- Task statement -
Print the listing exactly as it stands, and skip any pictures in it.

- Recorded data -
● ● ● ●
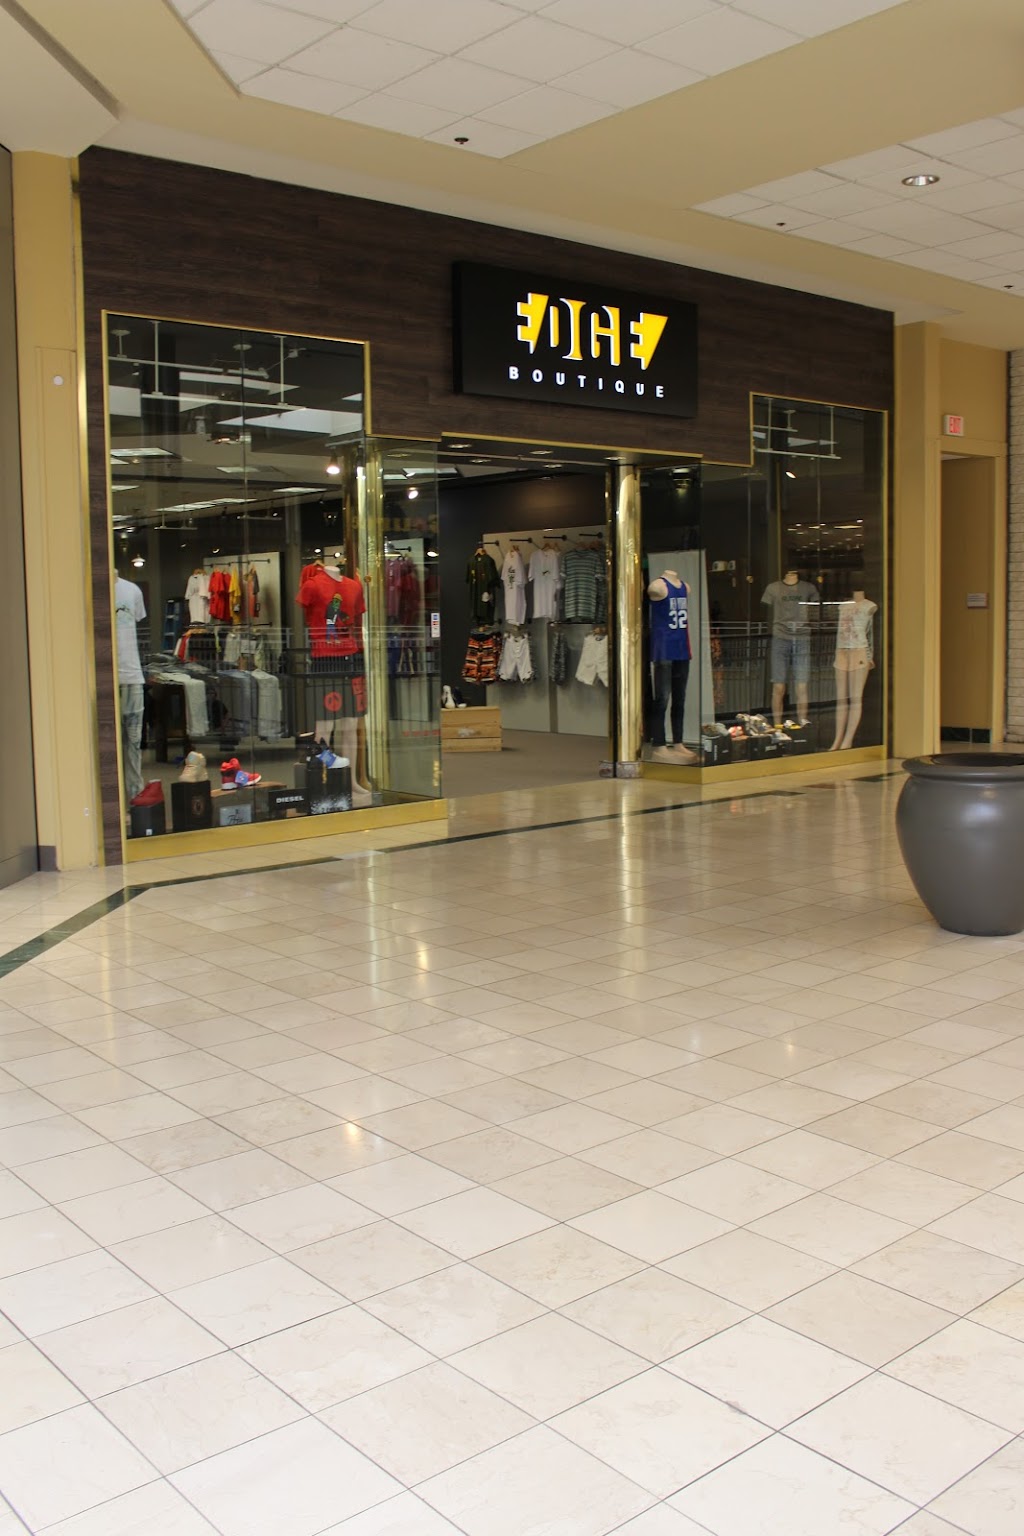 Edge Boutique Lehigh Valley Mall | 251 Lehigh Valley Mall, Whitehall, PA 18052 | Phone: (215) 856-3099
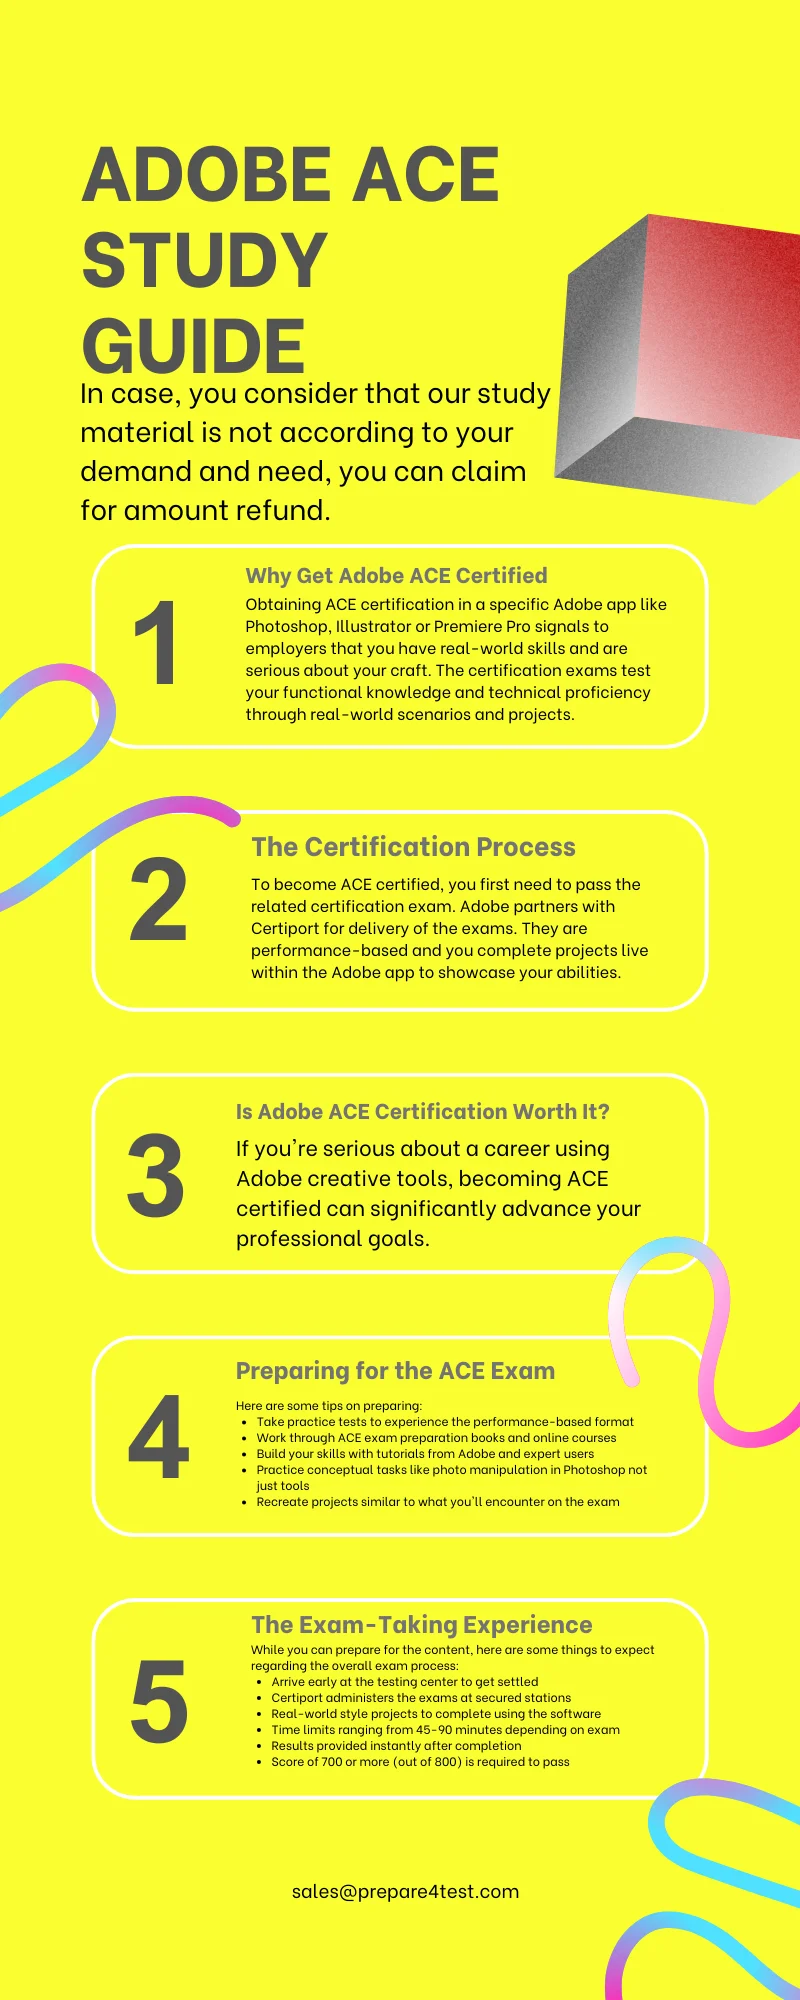 Adobe ACE Study Guide Infographic
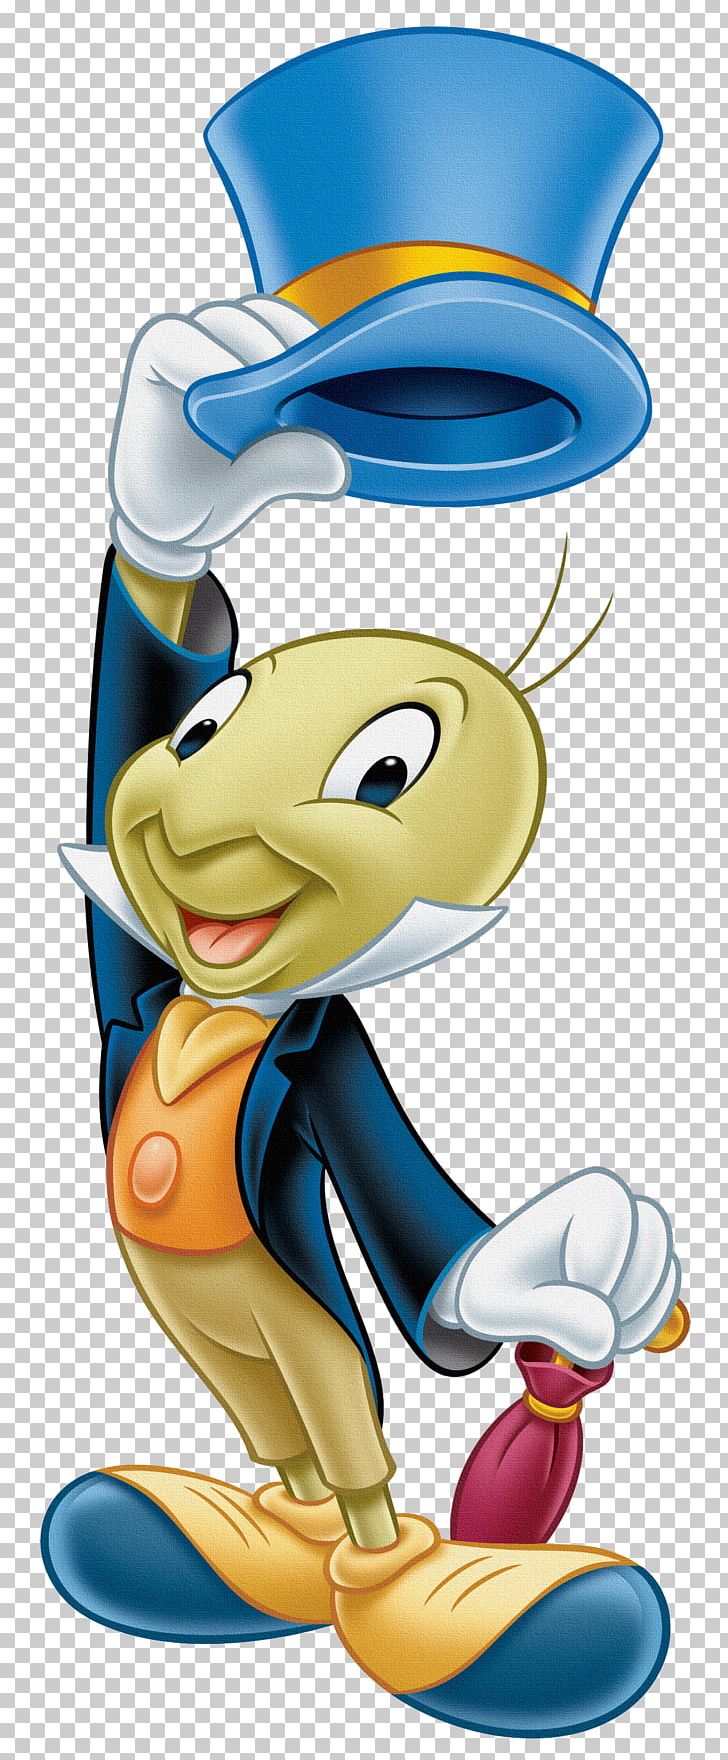 Jiminy Cricket Pinocchio The Talking Crickett The Fairy With Turquoise Hair Figaro PNG, Clipart, Animation, Boy, Cartoon, Cartoons, Character Free PNG Download
● ● ● ●
- Expected output -
 Edge Boutique Lehigh Valley Mall | 251 Lehigh Valley Mall, Whitehall, PA 18052 | Phone: (215) 856-3099
 Adobe ACE Study Guide Infographic
 Jiminy Cricket Pinocchio The Talking Crickett The Fairy With Turquoise Hair Figaro PNG, Clipart, Animation, Boy, Cartoon, Cartoons, Character Free PNG Download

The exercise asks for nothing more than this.